Despite the challenge to the conception of errors by WE and ELF research, researchers working within a traditional Second Language Acquisition (SLA) paradigm continue to promote a dualistic approach to the study of language. For example, Swan (2012: 386) dismisses ELF grammar features identified in the VOICE corpus as “stock entries in accounts of ‘typical learner errors’ published half a century ago”. However, this observation highlights the fundamental essence of ELF. These grammar features are more susceptible to language change in both native and non-native varieties of English, which over time could stabilize, within a community of speakers, to become the language norm. These features are also more resistant to corrective feedback in the language classroom than other language features (Ellis 2007; Long et al. 1998; Sheen 2007), which also underlines the obvious similarities between ELF and EFL (English as a Foreign Language) speakers (Seidlhofer 2011). It may therefore seem unnecessary for us to compare instances of deviations between ELF and EFL data in this paper. However, to the best of our knowledge, there does not seem to be systematic investigation with empirical data in the literature to support the above argument, particularly in the academic context.
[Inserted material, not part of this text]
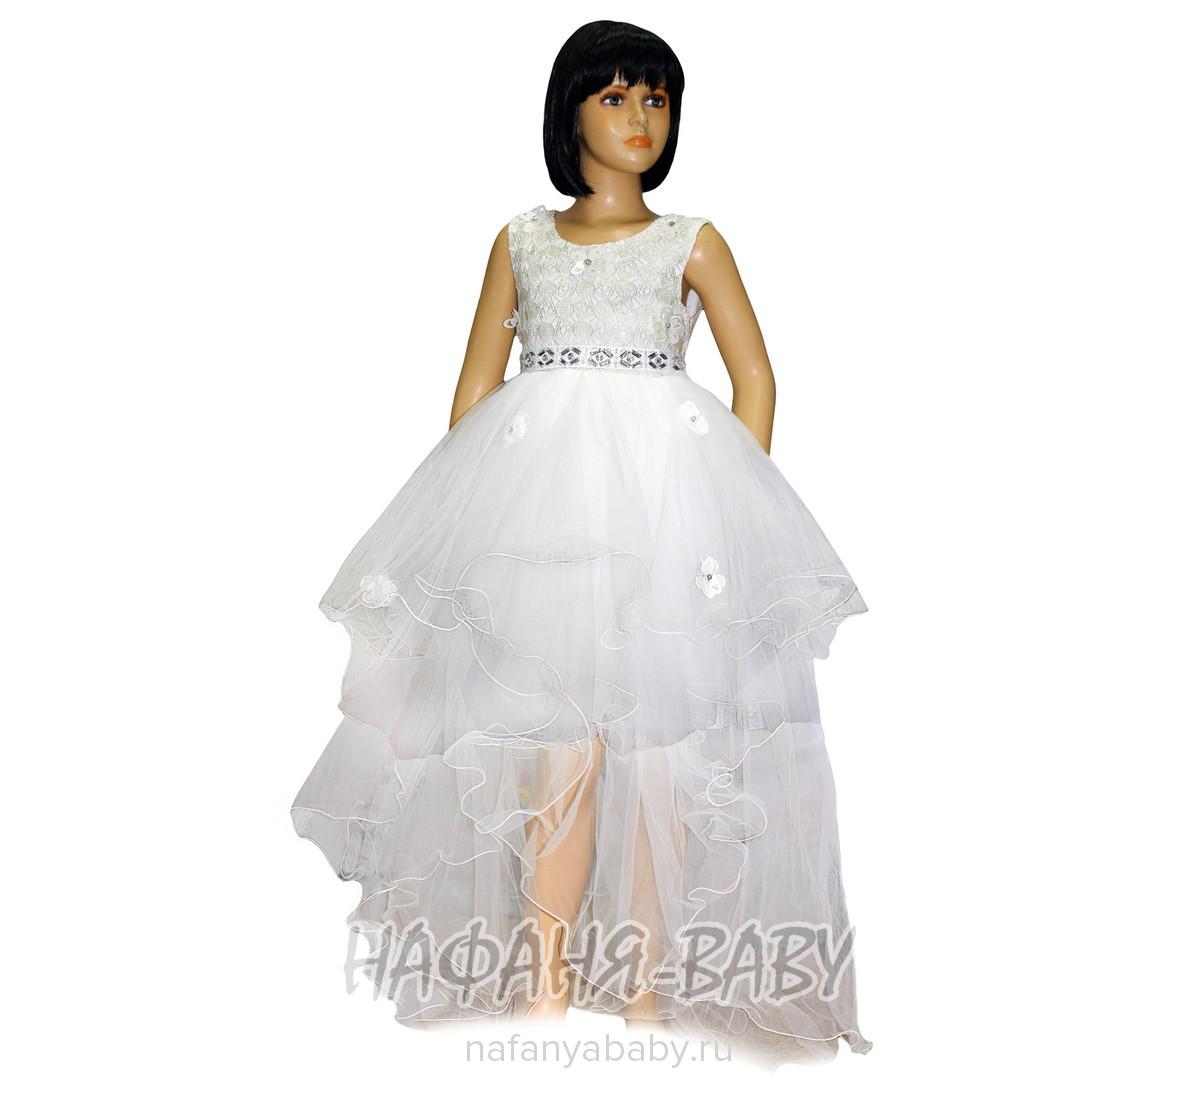 Детское платье AZ.Buka арт: 1029, 10-15 лет, 1-4 года, 5-9 лет, оптом Китай (Пекин)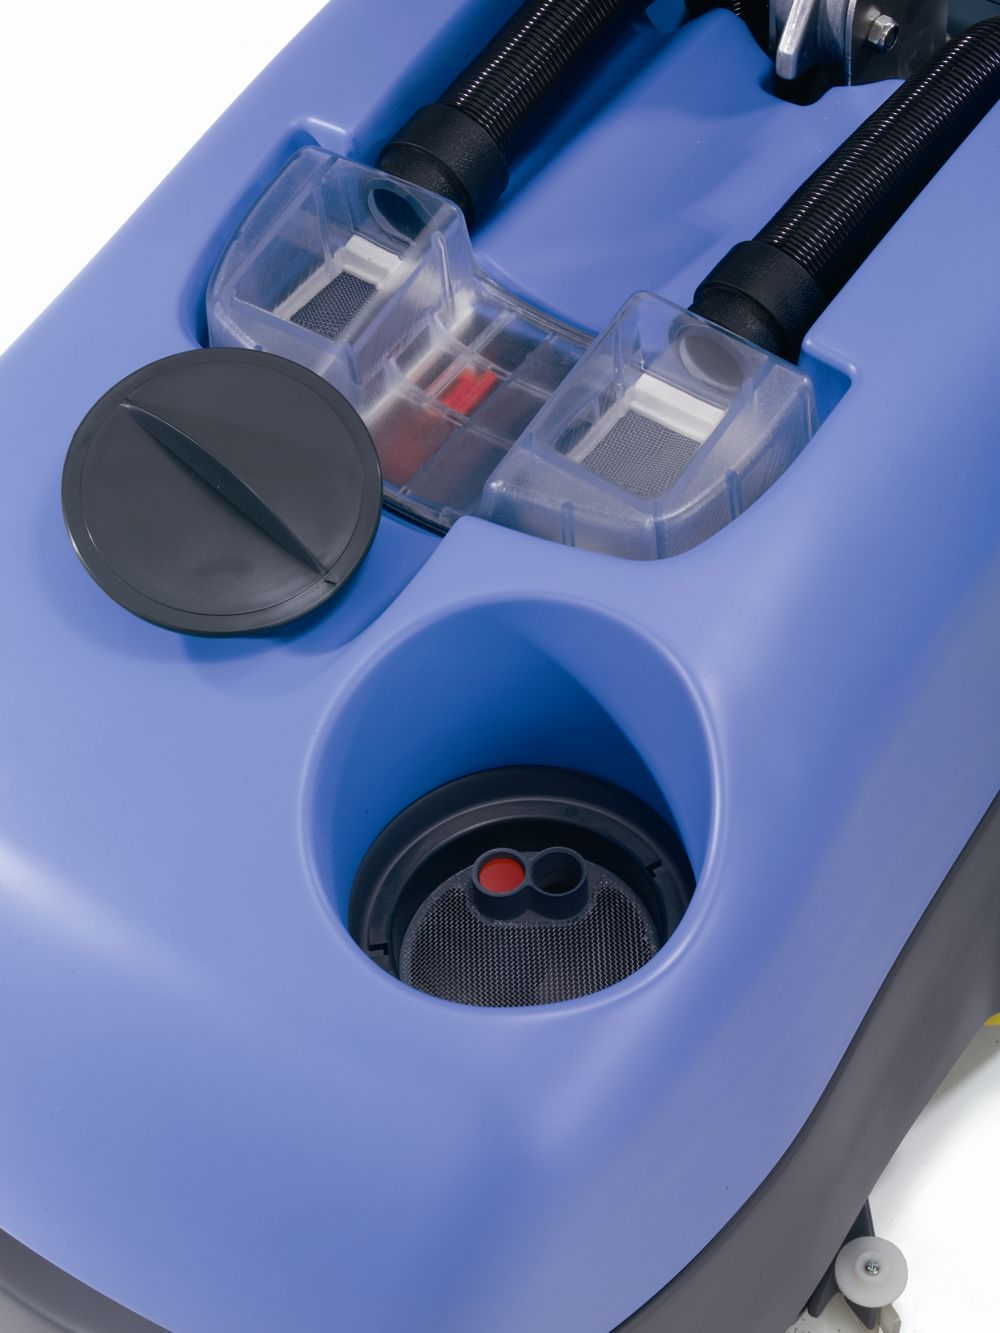 maszyna do mycia podłóg Numatic TT 1840

It should also be noted that in ELF research, there appears to be a greater focus on speech than on writing, and we argue that there may be different standards for written and spoken registers of ELF. Depending on the linguistic and cultural backgrounds of the speakers, ELF speech may be characterized by variability and unpredictability; yet to what extent such features in an EFL/SLA setting are similar or different in the written and spoken registers in students’ language production will need to be examined carefully before any reconciliation of approaches can be discussed. A selection of such instances from the written, spoken and multimodal components in the CAWSE corpus will be exemplified in Section 4.


As the CAWSE corpus is situated in the Chinese context, it is necessary for us to provide some background concerning the development of English in China or Chinese English in terms of language proficiency, variation, and ideology.

According to Bolton (2002), the first reports of Chinese speakers using English during the 17th century included observations of pronunciation difficulties that drew feelings ranging from pity to ire. By the mid-18th century, a legitimate China Pidgin English (CPE) had emerged, but this was derogatorily referred to at the time as ‘broken English’, ‘jargon’, or ‘mixed dialect’ (Bolton 2002: 184). The treaty-port era of the 19th century facilitated the spread of this CPE, yet increased contact with other varieties of English at this time, such as the American English spoken by missionaries, led to its pronunciation and grammar being looked down upon and ultimately abandoned. English Language Teaching in China surged with the opening up policies of the latter half of the 20th century, paving the way for the increased importance of English in China today. In China, English is now typically taught as a foreign language (EFL) with models of native speaker Englishes being preferred, and teaching methods being primarily exam oriented. Therefore, teachers are traditionally often trained to look at language primarily with regard to the notion of correctness with a significant focus on error correction (Cogo & Dewey 2012). 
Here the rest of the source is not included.